FDA Grants Priority Review to Risdiplam for Spinal Muscular Atrophy Treatment in Presymptomatic Infants Under Age 2 Months
The Food and Drug Administration (FDA) granted priority review of a supplemental new drug application (sNDA) for the use of risdiplam (Evrysdi; PTC Therapeutics, South Plainfield, NJ) to treat presymptomatic infants under age 2 months with spinal muscular atrophy (SMA).

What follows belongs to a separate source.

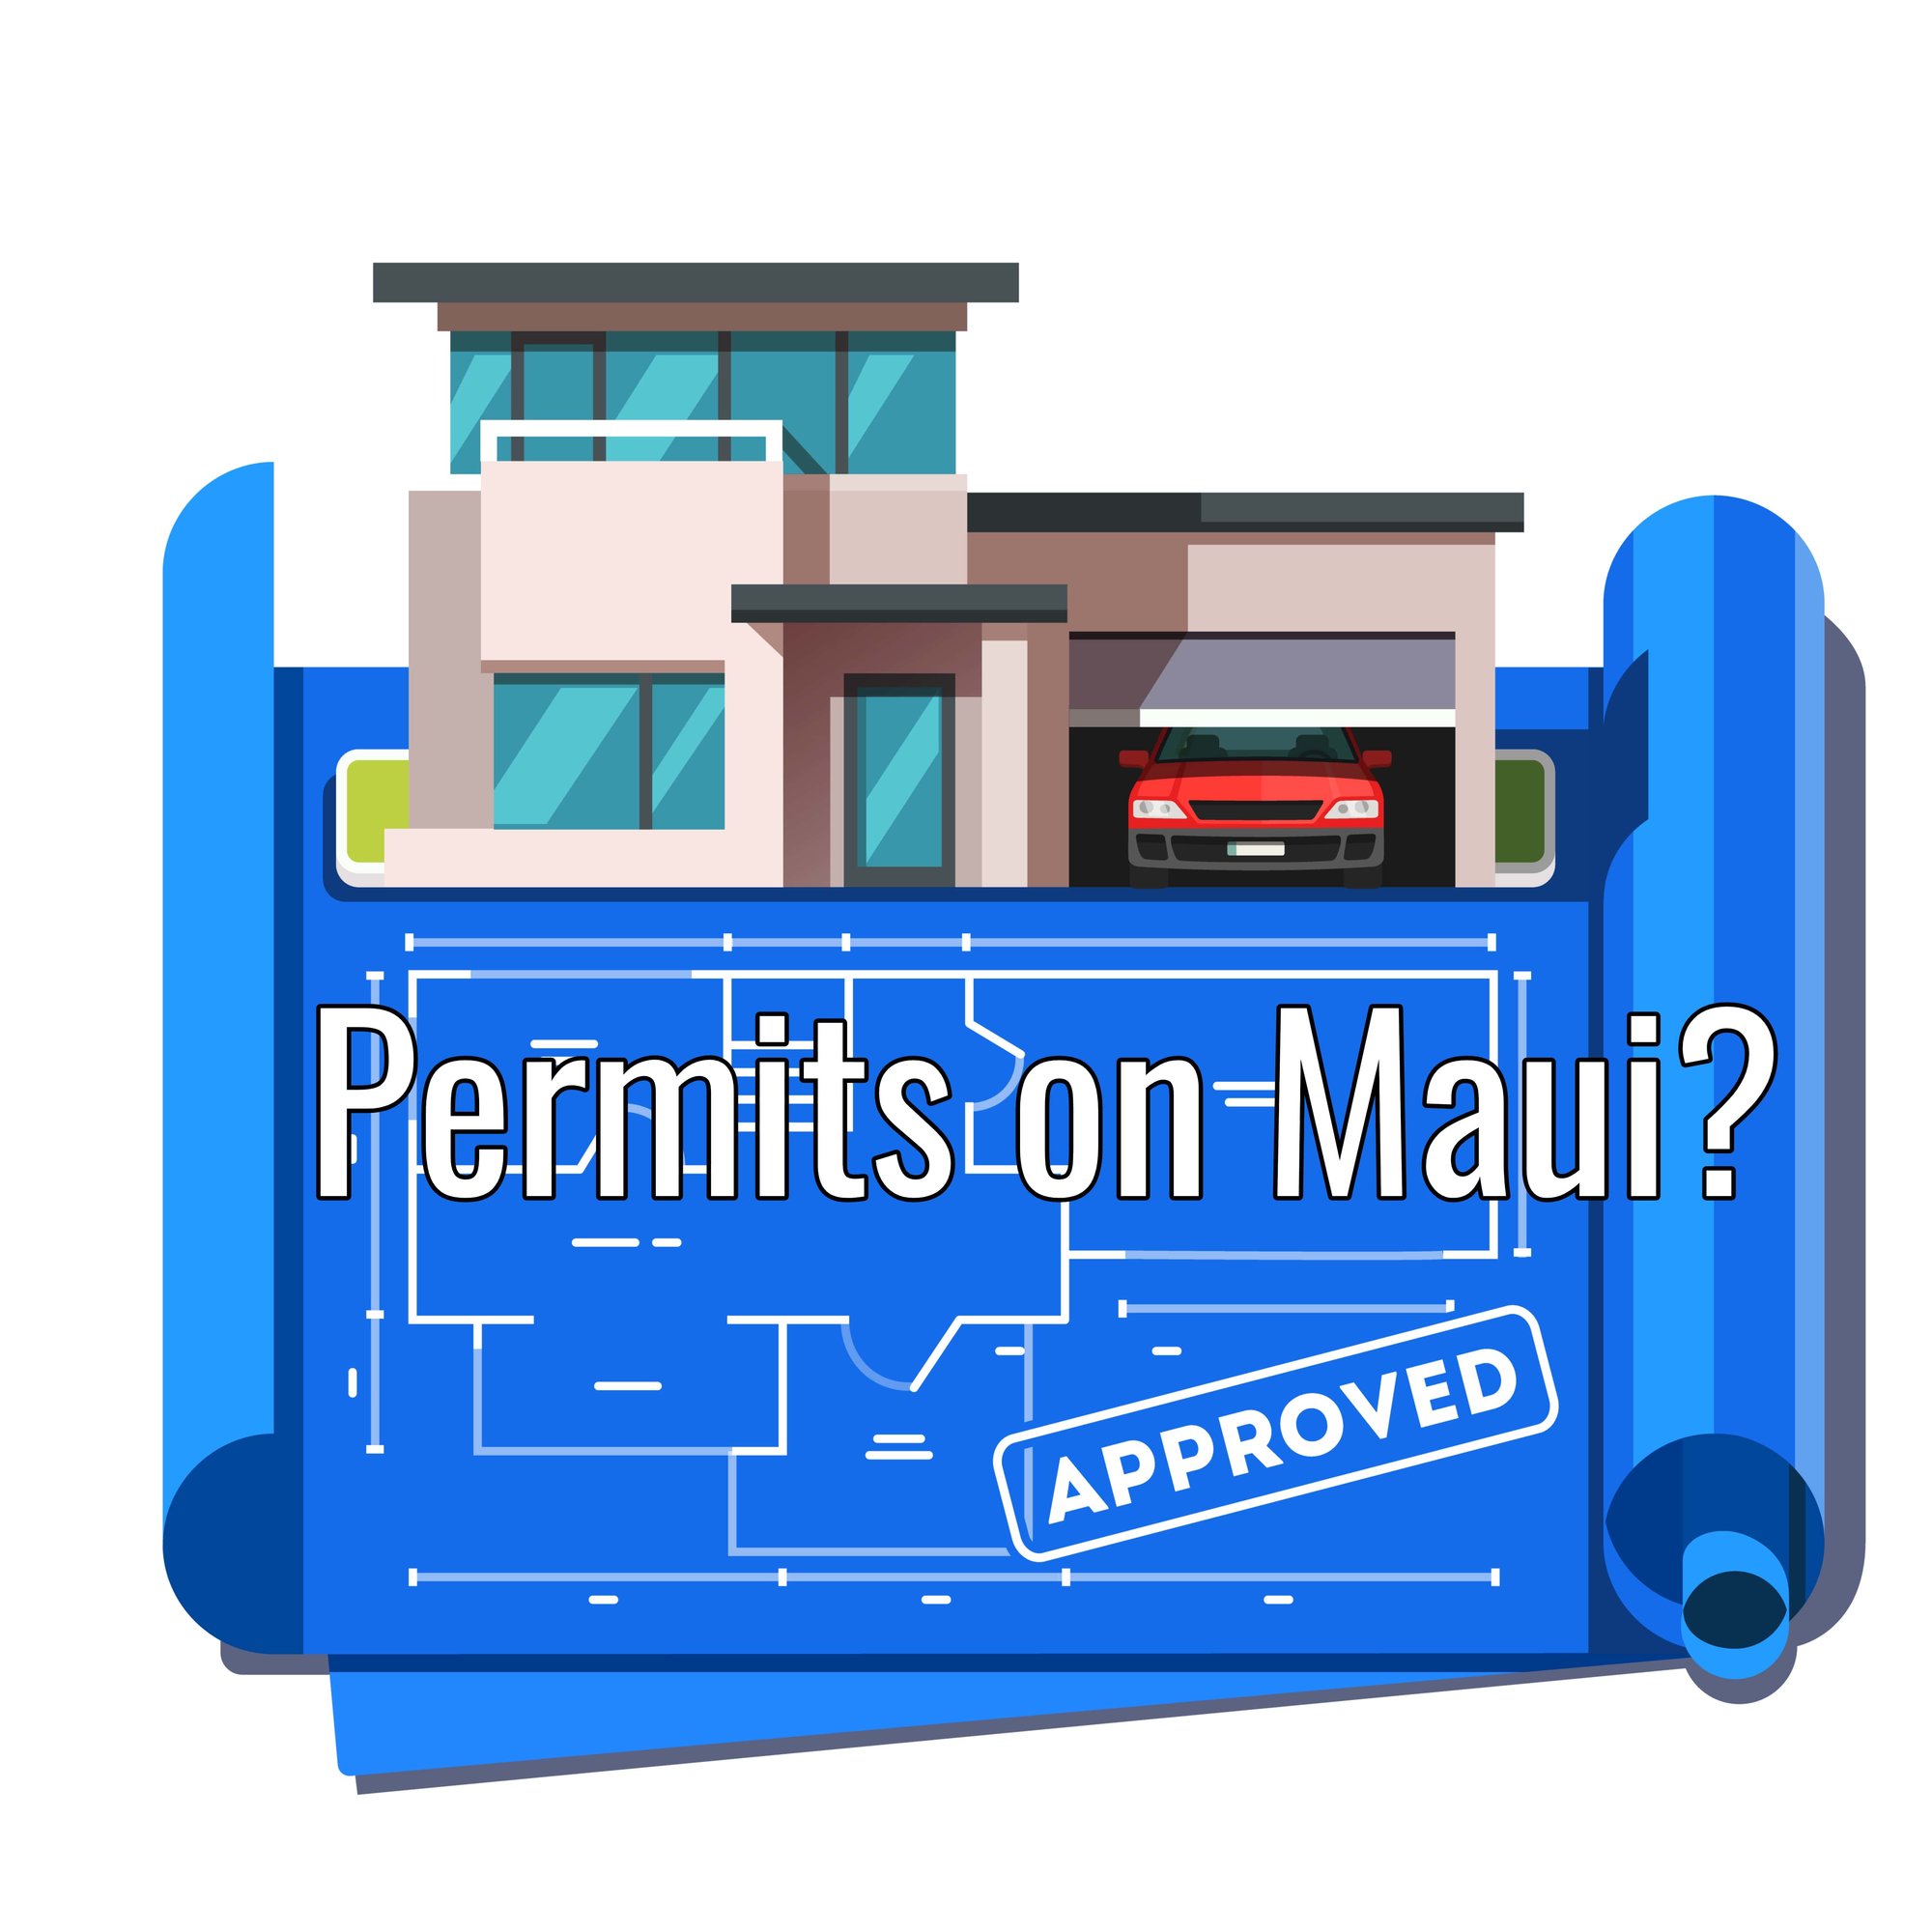 Maui Permits for Construction

In the RAINBOWFISH study (NCT03779334), presymptomatic infants treated with risdiplam achieved milestones such as sitting, standing, walking, and maintained the ability to swallow following 12 months of treatment. Infants (n= 5) included in the interim efficacy analysis all maintained the ability to swallow and were able to feed exclusively orally after 12 months of treatment. Out of the infants treated with risdiplam for at least 12 months, 80% (4/5) achieved milestones such as standing and walking independently within World Health Organization (WHO) windows for healthy children. All participants (n=5) met Hammersmith Infant Neurological Examination, Section 2 (HINE-2) motor milestones.
If approved, risdiplam would be the first medicine administered at home for presymptomatic babies with SMA.
“Treating very young babies with Evrysdi before SMA symptoms arise may help them to achieve milestones such as standing and walking within timeframes typical of healthy infants,” said Levi Garraway, MD, PhD, Genentech’s chief medical officer and head of Global Product Development. “Extending treatment access for the youngest members of the SMA community is crucial and we look forward to working with the FDA on this application.”
The most common adverse events (AEs) were abdominal pain (17%), cough (25%), teething (25%), diarrhea (17%), eczema (17%), gastroenteritis (17%), nasal congestion (33%), papule (17%) pyrexia (17%), and vomiting (25%). No treatment-related serious adverse events were reported through the interim safety analysis period (n=12). The AEs were reflective of the age of the infants rather than the underlying SMA.
Risdiplam is designed to treat SMA by increasing and sustaining production of the survival motor neuron (SMN) protein in the central nervous system (CNS) and peripheral tissues in adults, children and infants as young as 2 months.